Is China now an 'alternative' investment? - The Globe and Mail | Canada News Media
Connect with us

Investment

Is China now an 'alternative' investment? – The Globe and Mail

Published

 on


An engine of world growth for 20 years, the largest consumer of commodities and world’s number two economy has somehow slipped into “alternative investment” buckets for many global investors.

China’s property bust and increasingly interventionist government, along with deepening geopolitical fissures with the United States, have dramatically dimmed its allure as a destination for international capital.

China may not yet be “uninvestable,” as U.S. Commerce Secretary Gina Raimondo suggested U.S. companies believe, but many investors are recategorizing their reduced exposure – in some cases to alternative investment.

“Alts” are typically assets outside the traditional stocks, bonds and cash buckets, like hedge funds, real estate and private equity. They are often riskier but potentially more lucrative bets, and are attractive for their diversification and hedging qualities.

Crucially, they are non-correlated with traditional assets. This is where many investors see Chinese stocks and bonds now – a non-correlated, idiosyncratic play, effectively a hedge against their core bets.

That was the anecdotal evidence garnered from investors, asset managers and allocators on the sidelines of the recent “Hedge Fund Week” conferences in Miami. It is also supported by global capital flows trends.

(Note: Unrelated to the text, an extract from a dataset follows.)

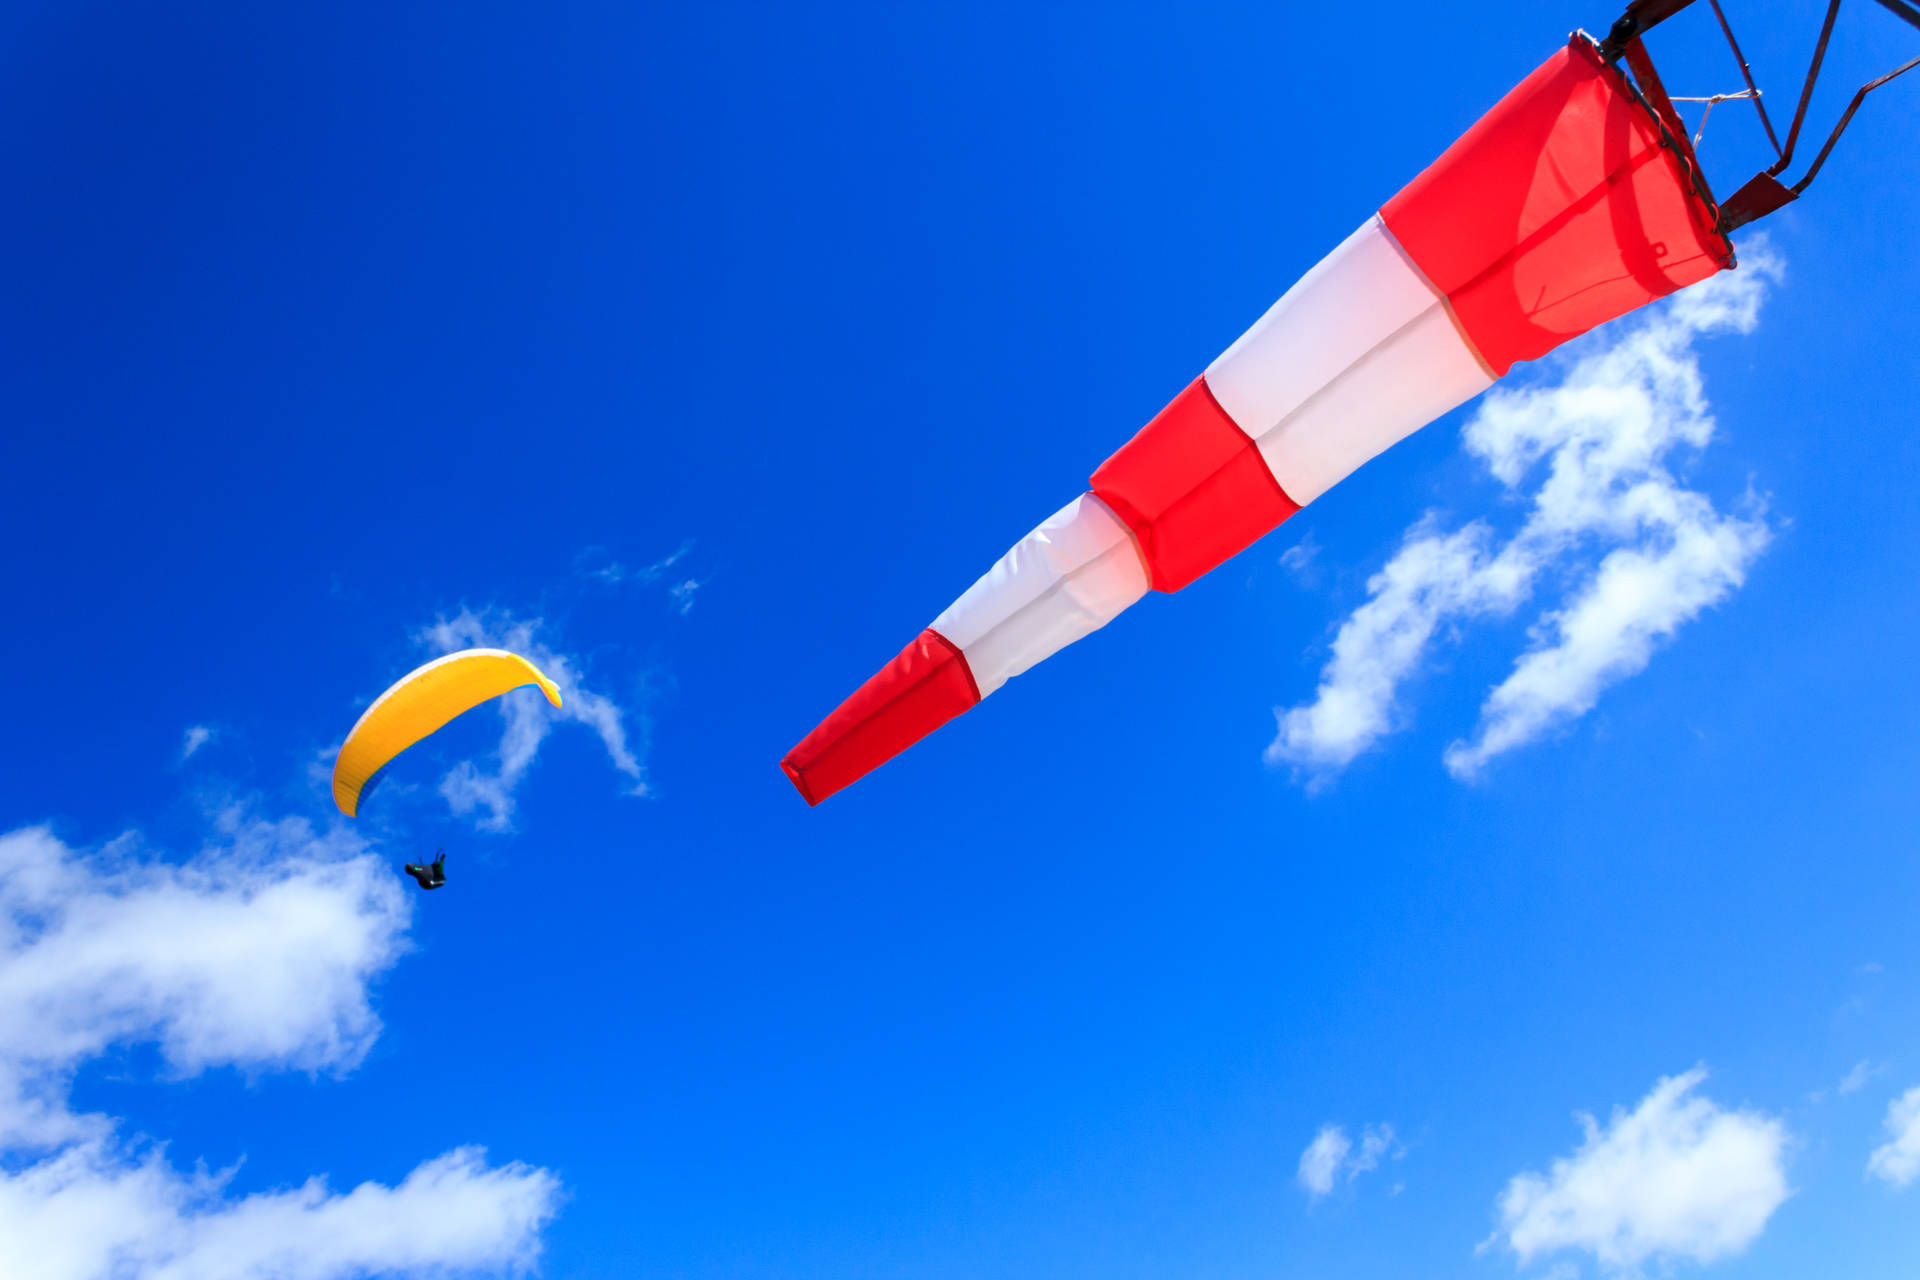 Paraglidingin Der Nähe Eines Windanzeige-flags Wallpaper

One fund manager said he may put 5-10% of his portfolio in Chinese stocks but is fully prepared to lose it. A hedge fund manager overseeing billions of dollars of assets said he likes China’s “idiosyncrasies” and diversification qualities but noted that his investors’ money is mostly offshore, not onshore.

Alex Lennard, fund manager at Ruffer, admitted that the economic climate in China is “clearly awful” but his firm is putting money there, essentially as a hedge.

“It’s a small part of our portfolio, about 4%, but it does provide an offset to some of the other market ‘certainties’ that exist,” Lennard said.

It’s worth noting that they are relative optimists on China. The wider consensus is far gloomier.

OUTFLOWS, OUTFLOWS, OUTFLOWS

According to Morningstar Direct, U.S. equity funds’ average asset-weighted exposure to Chinese stocks in December last year was 1.38%, down from 2.17% three years earlier, while their average equal-weighted exposure is down to 3.5% from 4.13%.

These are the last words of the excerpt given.